In the figure, each node is labeled with an integer from {1, 2,…,16}. Node 8 is the root of the tree. Node x is an ancestor of node y if node x is in the path between the root and node y. For example, node 4 is an ancestor of node 16. Node 10 is also an ancestor of node 16. As a matter of fact, nodes 8, 4, 10, and 16 are the ancestors of node 16. Remember that a node is an ancestor of itself. Nodes 8, 4, 6, and 7 are the ancestors of node 7. A node x is called a common ancestor of two different nodes y and z if node x is an ancestor of node y and an ancestor of node z. Thus, nodes 8 and 4 are the common ancestors of nodes 16 and 7. A node x is called the nearest common ancestor of nodes y and z if x is a common ancestor of y and z and nearest to y and z among their common ancestors. Hence, the nearest common ancestor of nodes 16 and 7 is node 4. Node 4 is nearer to nodes 16 and 7 than node 8 is.

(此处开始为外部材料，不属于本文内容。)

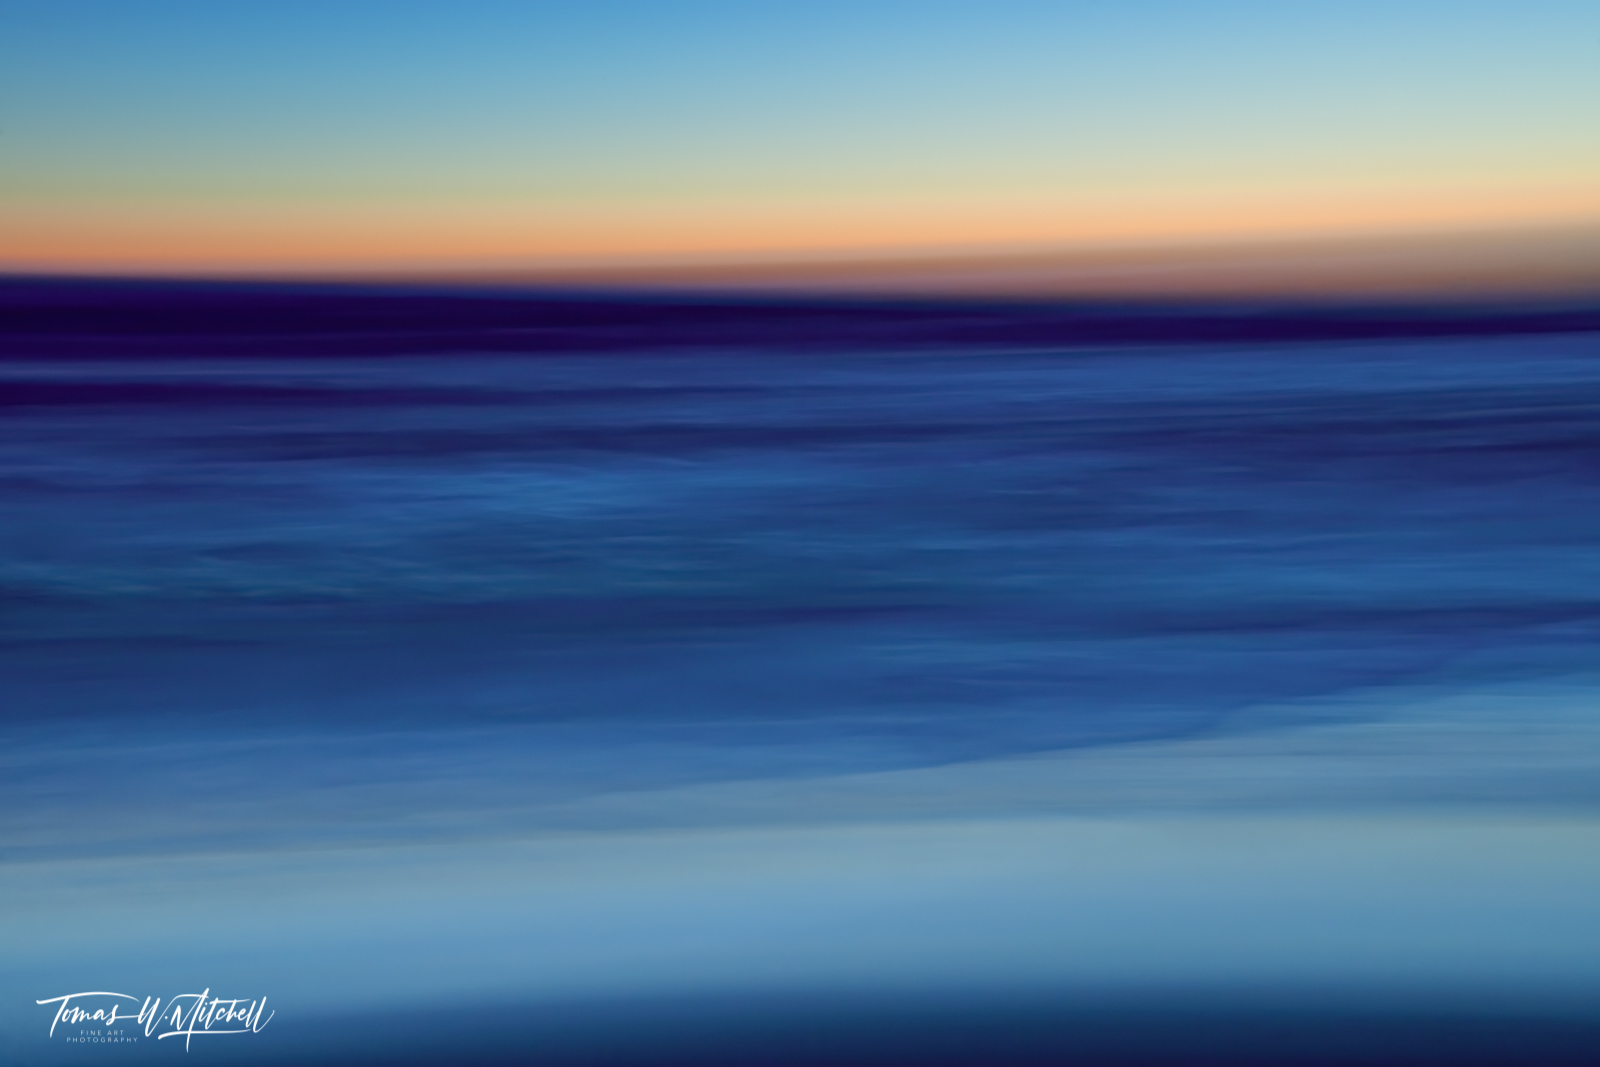 abstract sunset on ocean monterey california
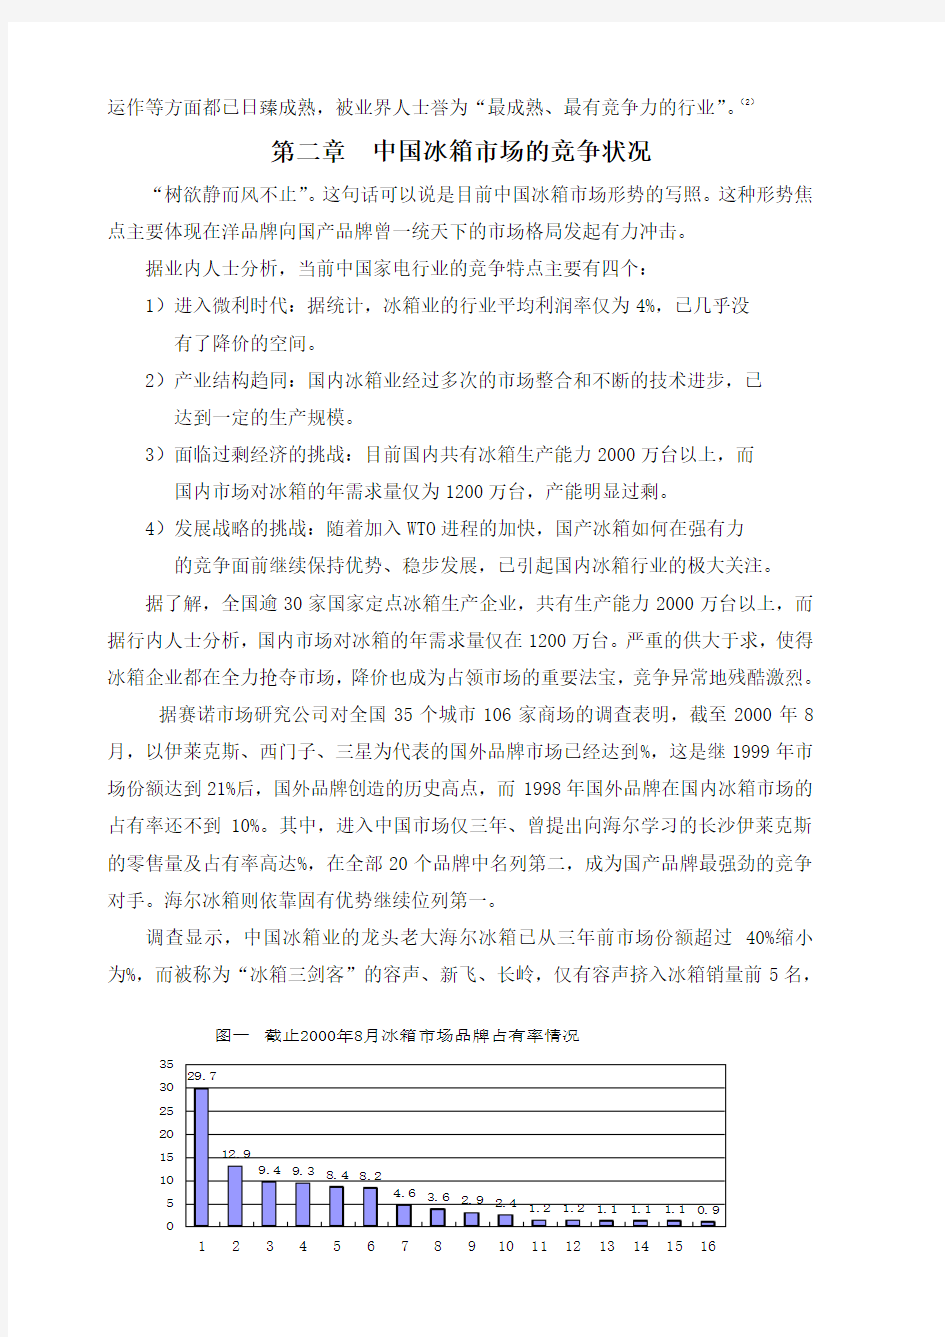 中国冰箱行业营销分析报告(第四组)

For other examples, the nearest common ancestor of nodes 2 and 3 is node 10, the nearest common ancestor of nodes 6 and 13 is node 8, and the nearest common ancestor of nodes 4 and 12 is node 4. In the last example, if y is an ancestor of z, then the nearest common ancestor of y and z is y.

Write a program that finds the nearest common ancestor of two distinct nodes in a tree.

The input consists of T test cases. The number of test cases (T) is given in the first line of the input file. Each test case starts with a line containing an integer N , the number of nodes in a tree, 2<=N<=10,000. The nodes are labeled with integers 1, 2,…, N. Each of the next N -1 lines contains a pair of integers that represent an edge –the first integer is the parent node of the second integer. Note that a tree with N nodes has exactly N - 1 edges. The last line of each test case contains two distinct integers whose nearest common ancestor is to be computed.

Print exactly one line for each test case. The line should contain the integer that is the nearest common ancestor.

2
16
1 14
8 5
10 16
5 9
4 6
8 4
4 10
1 13
6 15
10 11
6 7
10 2
16 3
8 1
16 12
16 7
5
2 3
3 4
3 1
1 5
3 5

4
3

Taejon 2002

给出一棵树，问你给出的两个节点最近的共同祖先节点是谁。

很简单。

1. 首先找到跟节点。具体方法与并查集的思想差不多，每个节点存储自己老爹的编号，然后唯一那个没有老爹的（就是存储的编号是自己的那个节点就是根节点）。
2. 之后处理出所有节点的深度。任意一个节点的深度等于父节点深度+1，其所有儿子节点的深度等于其自身节点深度+1，那么我们可以从父节点出发，写一个dfs，处理出所有节点的深度。
3. 然后也非常简单，对于任意两个节点，如果其不同，则找其的老爹节点，并更新这两个节点的值。至于找谁老爹的节点呢？毫无疑问是找深度更深的节点的老爹节点，并更新。直到这俩节点相同就说明找到了他们共同最近的老爹节点。因为必然老爹节点的深度相同嘛。